Hell on Wheels: la americanidad entre la civilización y la barbarie

El retorno del western a las pantallas de televisión viene de la mano de “Hell On Wheels”, una coproducción canadiense-norteamericana que emite la exitosa cadena AMC. La serie reactualiza el discurso sobre el “lejano oeste” y el nacimiento de la nación norteamericana produciendo una crítica radical no solo sobre las representaciones ficcionales de la historia sino del discurso mismo sobre la construcción de la americanidad.

Por Luis García Fanlo

Cada tanto la ficción cinematográfica y televisiva norteamericana hace revisionismo histórico y produce una crítica radical del relato sobre su historia nacional, y por alguna razón que se me escapa parece que ha llegado el momento de deconstruir las narraciones sobre el mito de la conquista del Oeste, la guerra civil y la construcción de la nación. Estoy hablando de la serie de televisión “Hell On Wheels” una coproducción canadiense-norteamericana creada y escrita por los hermanos Joe y Tony Gayton, cuyo episodio piloto fue emitido por la cadena AMC el pasado 6 de noviembre de 2011 y ya se ha convertido en un éxito de audiencia y en el centro de una polémica que excede el marco artístico para instalarse en el debate político de actualidad. Interpretada por Anson Mount (Cullen Bohannan), Colm Meaney (Thomas ‘Doc’ Durant) y Common (Elam) la serie narra la historia de un ex soldado confederado que busca venganza por la violación y asesinato de su esposa en manos de un destacamento militar del ejército federal, lo que lo lleva a un destacamento de avanzada de la empresa que está construyendo el famoso ferrocarril Union Pacific, bautizado como “Hell On Wheels” (“infierno sobre ruedas”).

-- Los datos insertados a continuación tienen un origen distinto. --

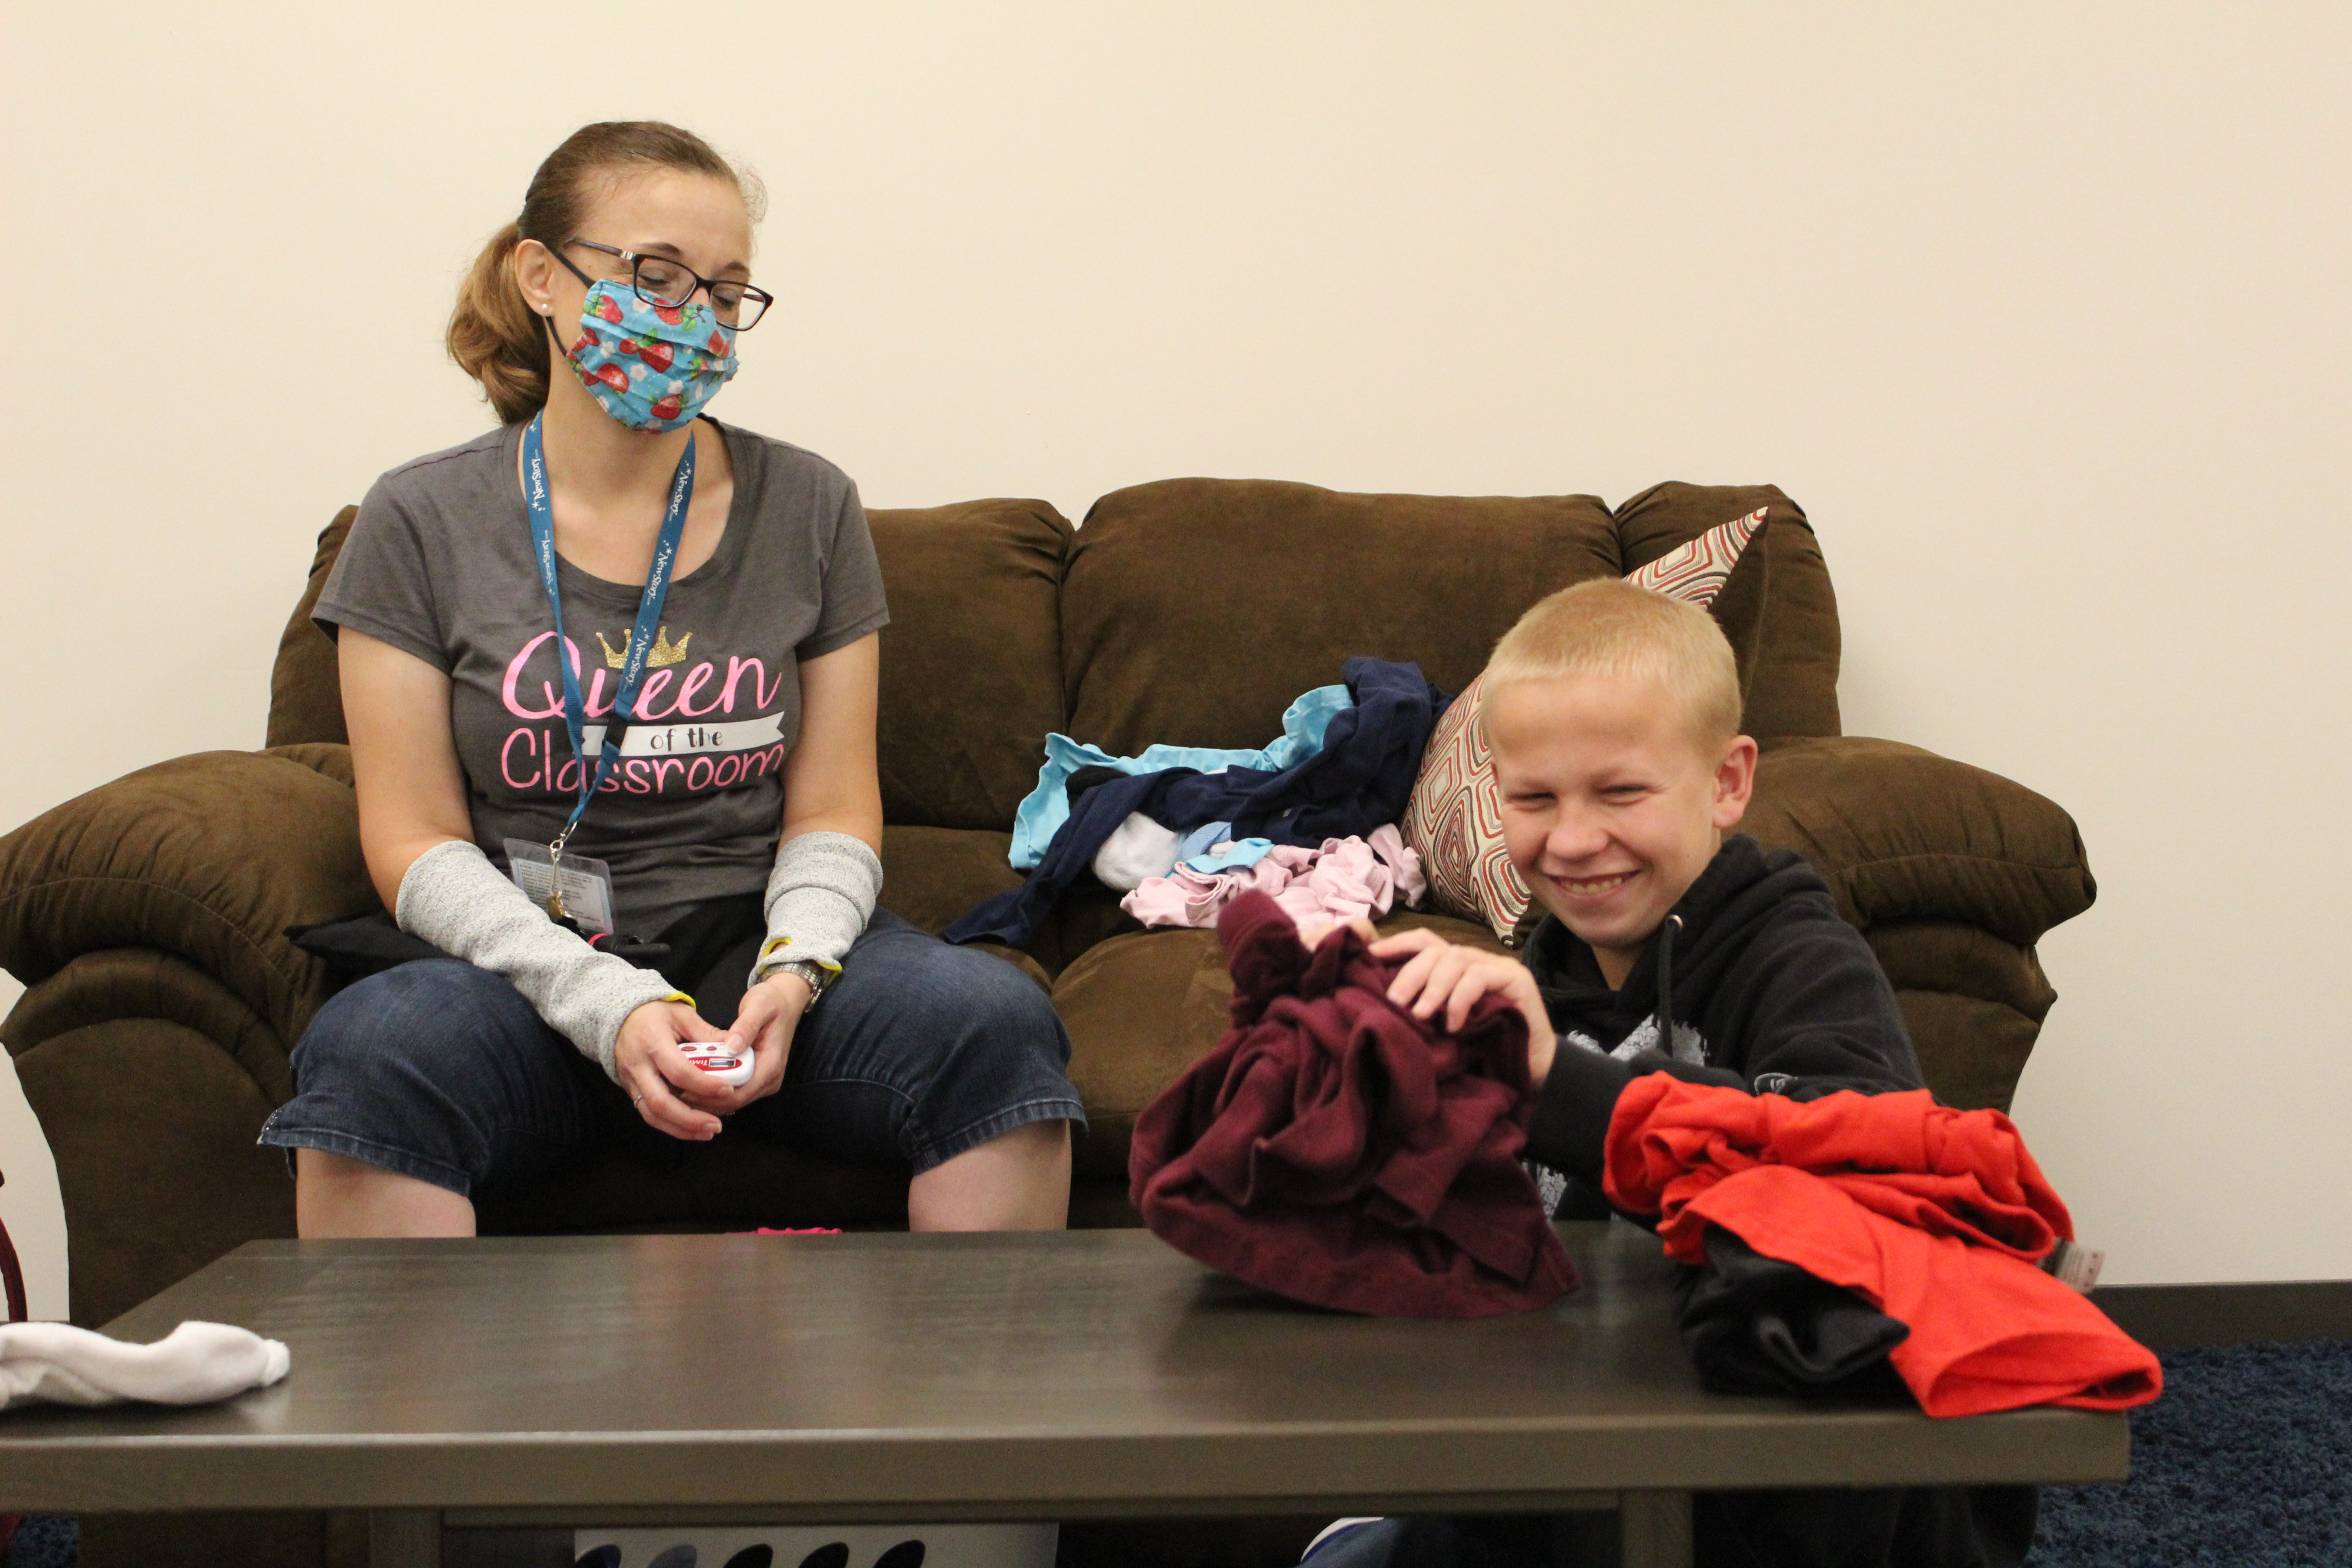 Special Education Student folds clothes in the Life Skills apartment. His Teacher, sitting on the couch, watches. The teacher is wearing a mask.

El discurso sobre el ferrocarril como fetiche del progreso, la civilización y la grandeza futura de los Estados Unidos contrasta con el aquelarre en el que cual “corte de los milagros” se entrecruzan esclavos libertos que trabajan por una mísera paga, aventureros en busca de hacer ganancias, miserables trabajadores inmigrantes, prostitutas, un pastor evangelista que intenta redimir a esas almas sin pena ni gloria, conviviendo en un lugar nómada cuya única ley y orden es impuesto por la seguridad de la empresa ferrocarrilera, y amenazados por los Chayanne que resisten la ocupación de su territorio. Desde luego que ese discurso civilizatorio no es otra cosa que una máscara que utiliza Thomas Durant (el dueño del ferrocarril) para comprar senadores, recibir subsidios escandalosos y sin control, amasar una gigantesca fortuna, y no menos importante, conducir las conductas de los trabajadores para que acepten las paupérrimas condiciones de trabajo y existencia que rigen sus contratos en nombre de ser los “hacedores” del “sueño americano” y el “destino de grandeza” que Dios ha reservado a los Estados Unidos.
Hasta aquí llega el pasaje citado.